'Breakthrough' review: Preachy, but occasionally compelling

Marcel Ruiz and Chrissy Metz star in "Breakthrough." Credit: 20th Century Fox/Allen Fraser
PLOT A teenager survives a near-fatal accident thanks to his mother’s prayers.
CAST Chrissy Metz, Topher Grace, Mike Colter
RATED PG (themes of death)
LENGTH 1:56
BOTTOM LINE A mostly preachy but occasionally compelling dramatization of a true story.
“Breakthrough,” the story of an all-but-dead teenager seemingly revived by prayer, may sound like internet apocrypha, but it is basically true. In 2015, John Smith, a 14-year-old from the suburbs of St. Louis, fell into a frozen lake and remained submerged for 15 minutes. Even after his rescue, he went 45 minutes without a pulse — and then a miracle happened.
Written in the medical record, at least according to the film: “Patient dead, mother prayed, patient came back to life.”

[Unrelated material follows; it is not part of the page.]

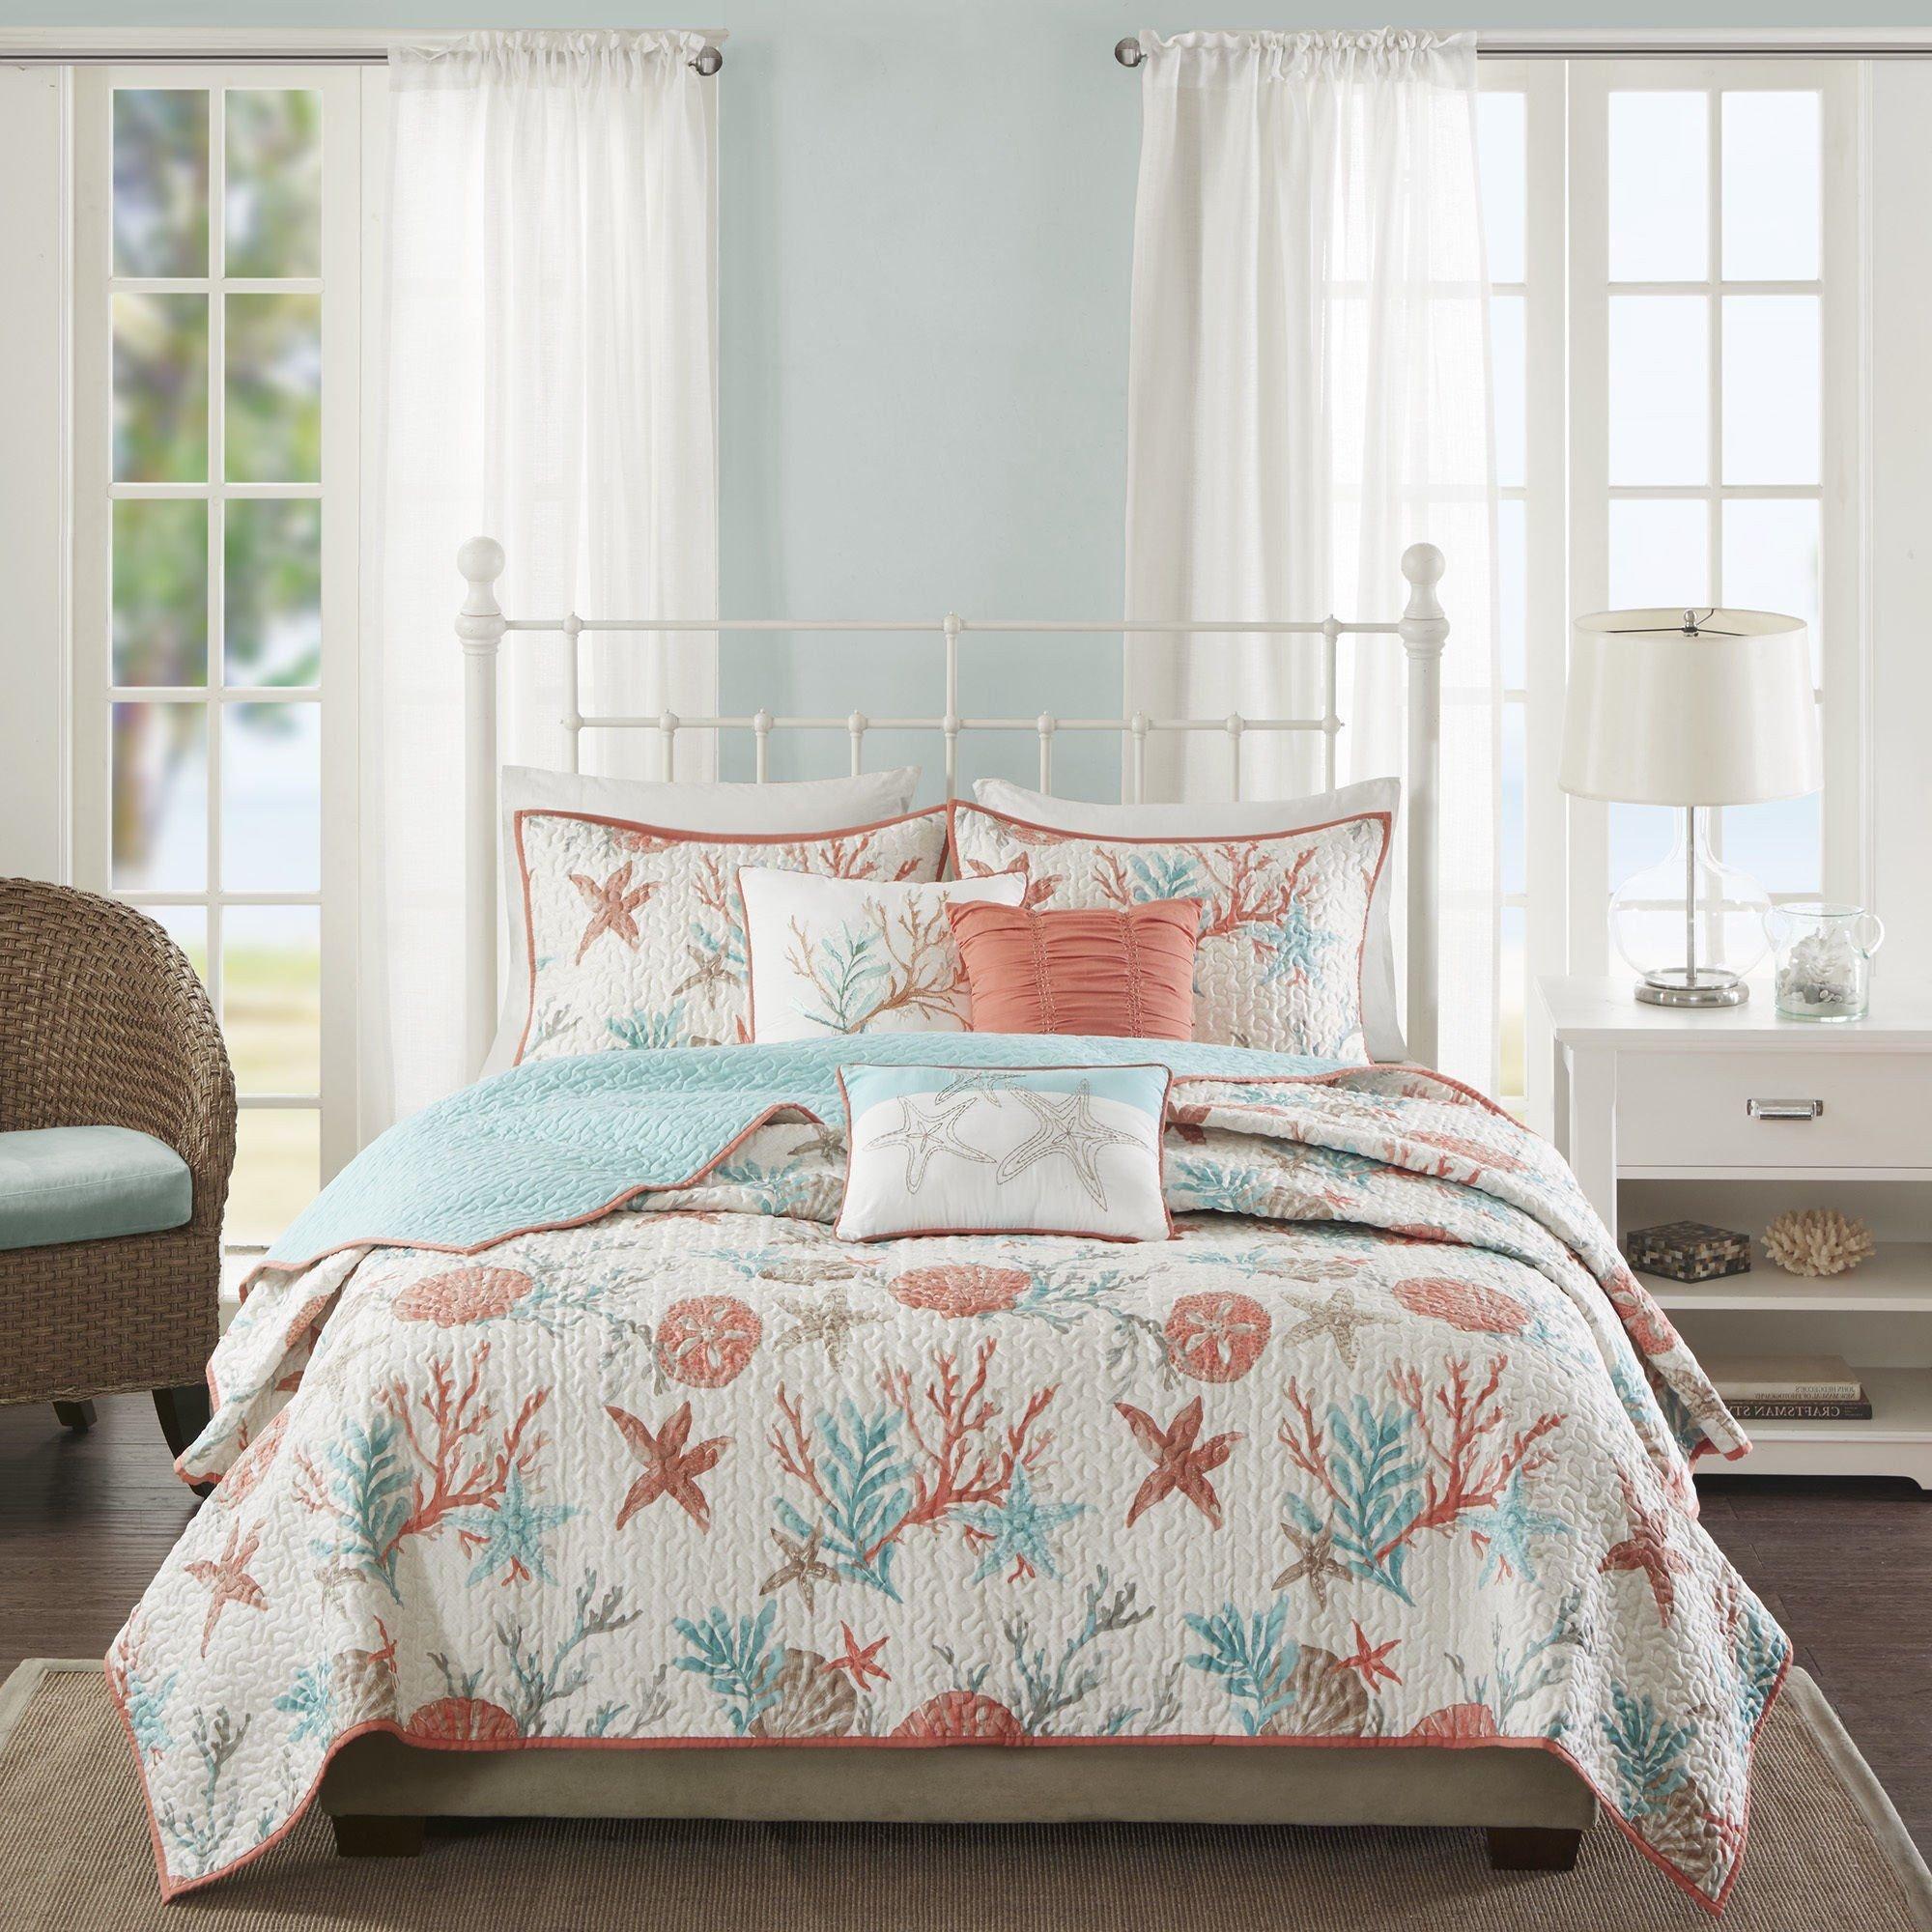 Beach themed Bedroom Set Elegant 6 Piece Vibrant orange Pink Blue White Full Queen Quilt Set

As modern-day Lazarus stories go, “Breakthrough” is slightly less dogmatic and a little more grounded in reality than most. (Two other fact-based tales, “Heaven is For Real” and “Miracles From Heaven,” come to mind.) A coproduction of the faith-based company Franklin Entertainment and the secular Fox 2000 Pictures, “Breakthrough” is mostly intent on preaching to a built-in choir. Still, it leaves its door ajar — even if just a tad — for others who may not share its faith.
The film begins by establishing St. Charles, Missouri, as an idealized community bonded by Christianity, the Pledge of Allegiance and high-school sports. John (Marcel Ruiz), a 14-year-old adoptee from Guatemala, is a mostly well-adjusted if slightly sullen kid; Joyce (an oddly wooden Chrissy Metz, of NBC’s “This Is Us”) is his cheerful if slightly persnickety mom; her husband, Brian (Josh Lucas), is pleasant and bland. Topher Grace plays Jason Noble, a new pastor, whose skinny jeans and use of slang (“lit!”) are meant to signify youthful disruption.
John’s accident shatters this placid American tableau and briefly gives the movie a jolt of excitement. Director Roxann Dawson stages John’s rescue with ticking-clock tension, and his apparent death on a hospital gurney lands with emotional weight. Adding to the drama are a couple of small but solid performances by Mike Colter as an atheist firefighter whose hands are guided underwater by a mysterious voice and Sam Trammell as Dr. Kent Sutterer, whose fierce determination to save his patient deserves some credit, too. (Both are real-life figures.)
“Breakthrough” has a tiresome tendency to paint the medical establishment as book-smart but God-ignorant; Dennis Haysbert plays yet another doctor helpless to explain John’s recovery. At the same time, Grant Nieporte’s script acknowledges that Joyce’s faith sometimes borders on fanatical, and that not everyone’s prayers are answered. In a few small ways, at least, “Breakthrough” tries to tell us an engaging story as well as deliver a sermon.